PROJECT SUMMARY Accumulating evidence support the role of bacterial members of the gut microbiota in host defense and a variety of immune disorders, such as inflammatory bowel disease (IBD). The mammalian gastrointestinal tract also harbors diverse animal viruses. Despite their ubiquitous presence, the functional and mechanistic consequences of intestinal colonization by viruses beyond their role as diarrheal pathogens has been unclear. Over the previous funding periods of this award, we developed the murine norovirus (MNV) model as a tractable experimental system to address this major gap in our knowledge. We found that MNV can function as a symbiotic virus by providing benefits to the host, such as protection against secondary bacterial infection. At the same time, MNV induces intestinal abnormalities in mice with a mutation in Atg16L1, an IBD susceptibility gene that participates in the cellular degradative pathway of autophagy. The main objective of this proposal is to use the MNV model to define the mechanisms that determine whether intestinal colonization by a viral symbiont leads to beneficial or adverse outcomes for the host. We introduce data showing that MNV infection can significantly improve survival of newly weaned mice from lethal infection by the Gram-negative bacterial pathogen Citrobacter rodentium. We propose to use this model to elucidate how RNA sensing pathways are induced by a viral symbiont to mediate cross-protection during early-life infection by an enteric bacterial pathogen, a leading cause of mortality. In parallel, we will investigate how Atg16L1 mutation makes an otherwise beneficial virus become harmful. Our preliminary data suggests a novel mechanism in which MNV infection replaces anti-inflammatory lymphocytes in the gut with cytotoxic subsets that induce necrotic death of Paneth cells, a key secretory epithelial cell implicated in human IBD. Defining the mechanistic details of these processes will yield new insight into the nature of a viral symbiont in the gut, and may reveal new pathways involved in the resolution of tissue injury that are distinct from those previously examined during bacterial colonization.
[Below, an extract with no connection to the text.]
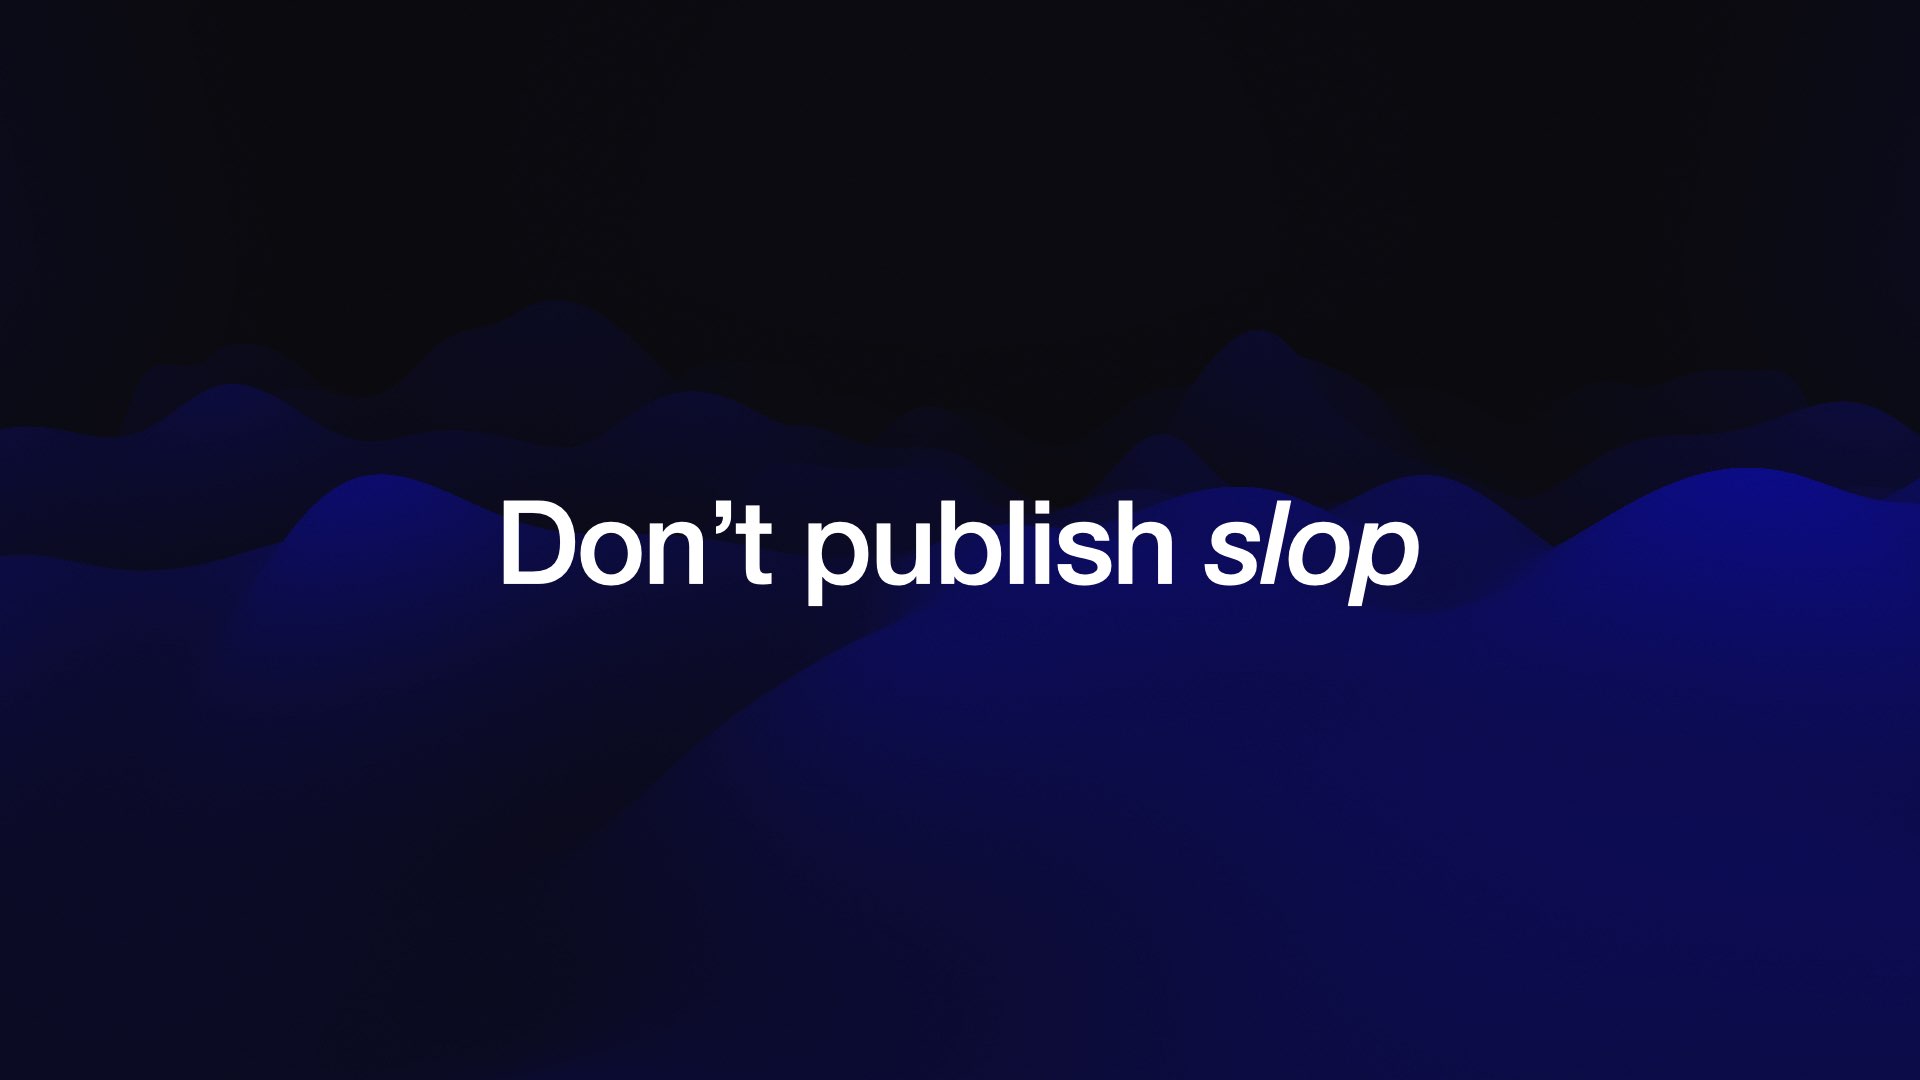 Don’t publish slop

项目摘要 越来越多的证据支持肠道微生物群的细菌成员在宿主防御中的作用， 免疫紊乱，如炎症性肠病（IBD）。哺乳动物的胃肠道也 藏匿着多种动物病毒尽管它们无处不在， 肠道定植的病毒超出其作为肠道病原体的作用还不清楚。比上一 在该奖项的资助期间，我们开发了鼠诺如病毒（MNV）模型作为一种易于处理的实验 这是我们知识中的一个重大空白。我们发现MNV可以作为一种共生病毒， 为宿主提供益处，例如防止继发性细菌感染。与此同时，MNV 诱导Atg16L1突变的小鼠肠道异常，Atg16L1是一种IBD易感基因， 在自噬的细胞降解途径中。本提案的主要目标是使用MNV模型 确定肠道定植是否由病毒共生体导致有益的 或对宿主产生不利影响。我们介绍的数据表明，MNV感染可以显着改善 革兰氏阴性细菌病原体柠檬酸杆菌致死感染后新断奶小鼠的存活率 啮齿动物。我们建议使用这个模型来阐明RNA传感途径是如何被病毒诱导的， 共生体介导的交叉保护在生命早期感染的肠道细菌病原体，一个主要原因 死亡率。与此同时，我们将研究Atg16L1突变如何使原本有益的病毒变得 有害我们的初步数据提示了一种新的机制，即MNV感染取代了抗炎作用。 肠道中的淋巴细胞具有细胞毒性亚群，可诱导潘氏细胞坏死死亡，潘氏细胞是一种关键的分泌上皮细胞， 与人类IBD有关的细胞。定义这些过程的机械细节将产生新的见解， 肠道中病毒共生体的性质，并可能揭示新的途径参与组织损伤的解决， 与先前在细菌定殖期间检查的那些不同。